Description of the task – Beginning with the line containing "消滅 倒すノイジー(パーン+シューン)の未再生の波形" and going on through the line containing "GAGNE tes billets", the lines below are to be returned exactly, pictures excluded and nothing added.

Information supplied –
_ _ _ _ _ _ _
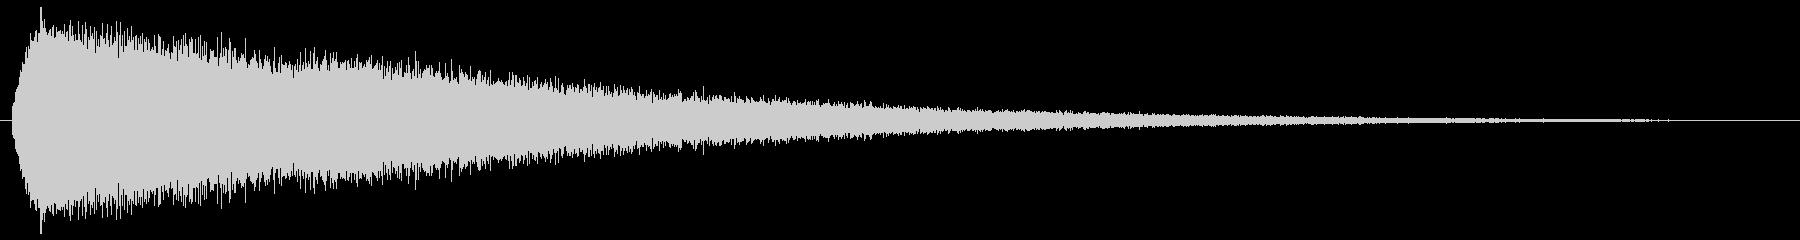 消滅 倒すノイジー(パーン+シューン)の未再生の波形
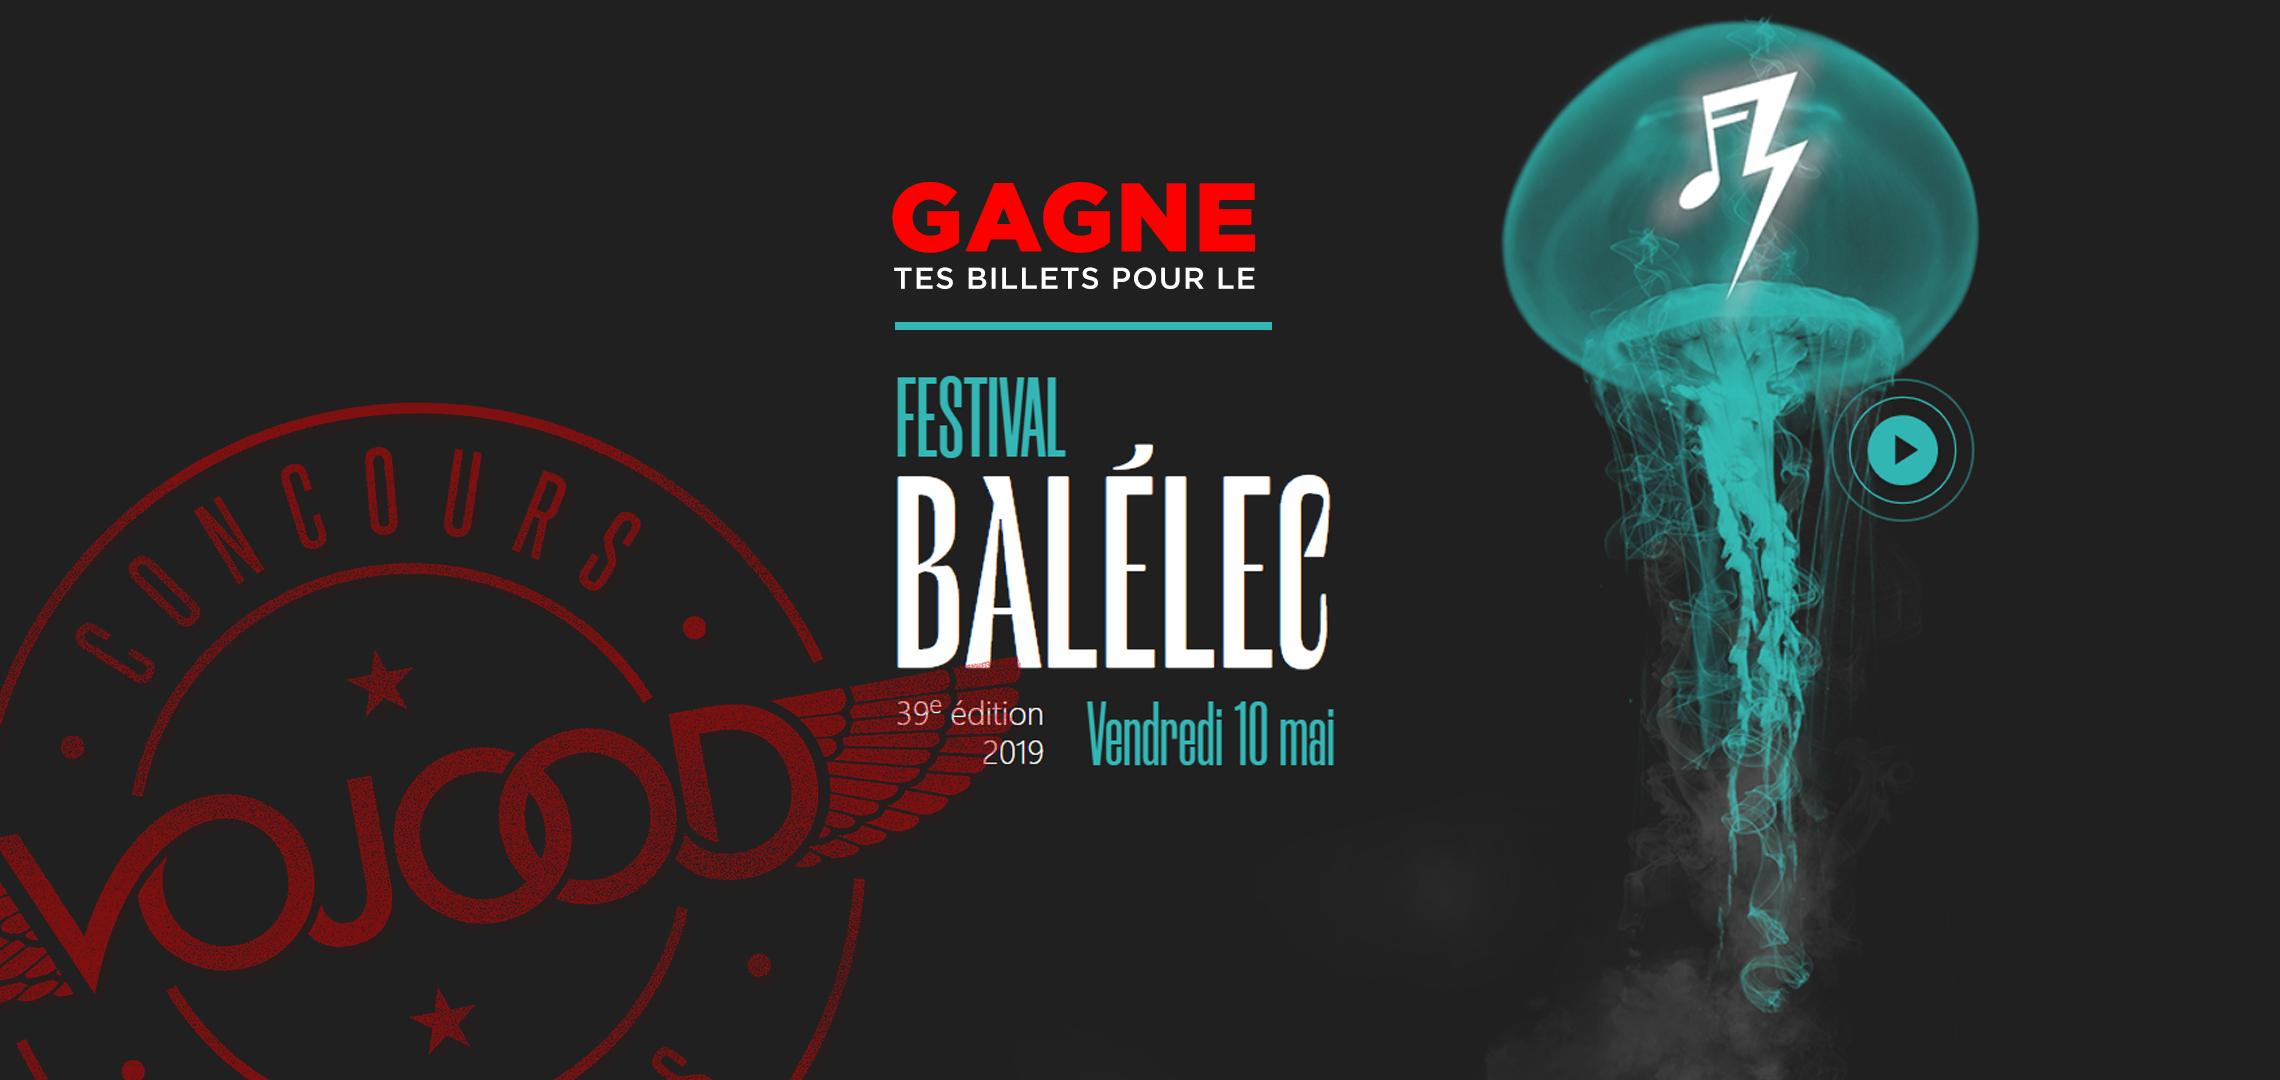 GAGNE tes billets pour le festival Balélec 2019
_ _ _ _ _ _ _
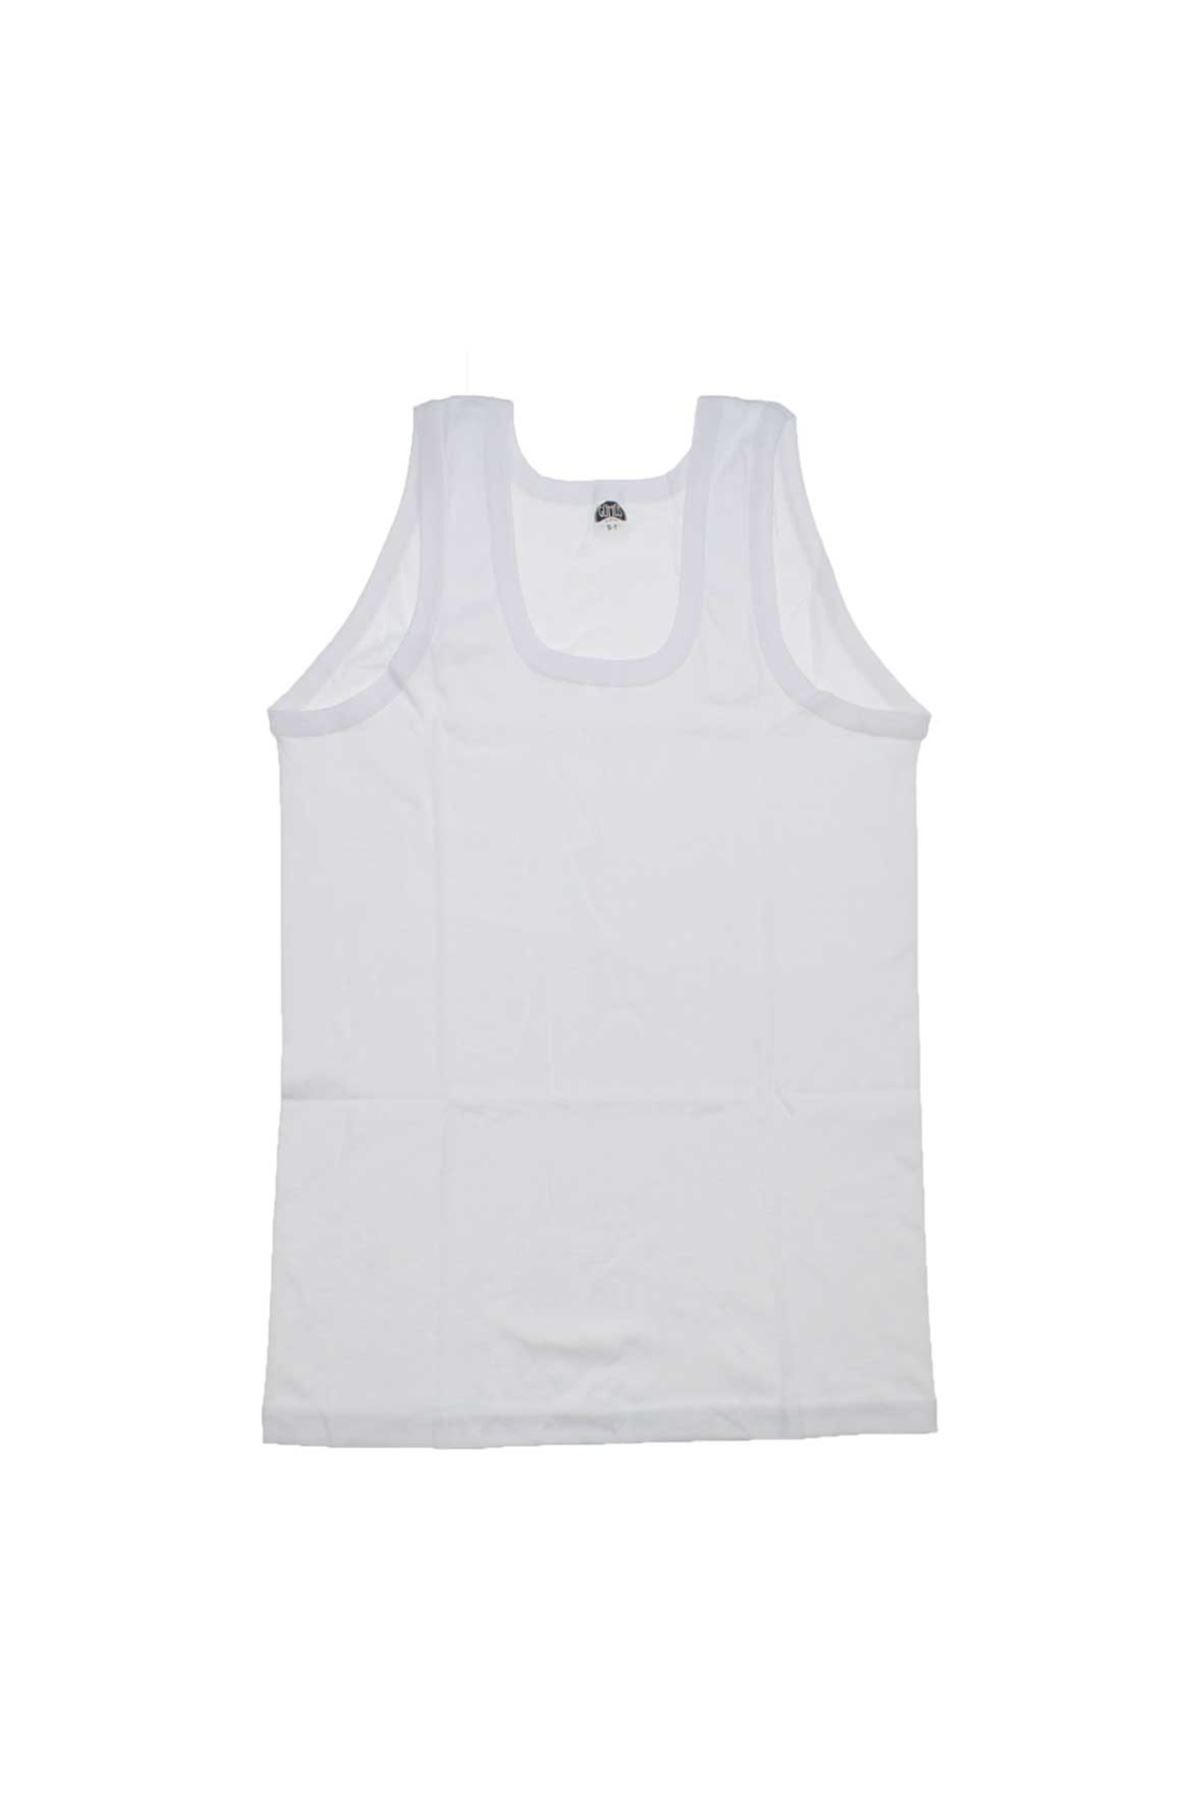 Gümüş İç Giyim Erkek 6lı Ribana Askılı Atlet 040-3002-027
_ _ _ _ _ _ _
Output for this exercise –
 消滅 倒すノイジー(パーン+シューン)の未再生の波形
 GAGNE tes billets pour le festival Balélec 2019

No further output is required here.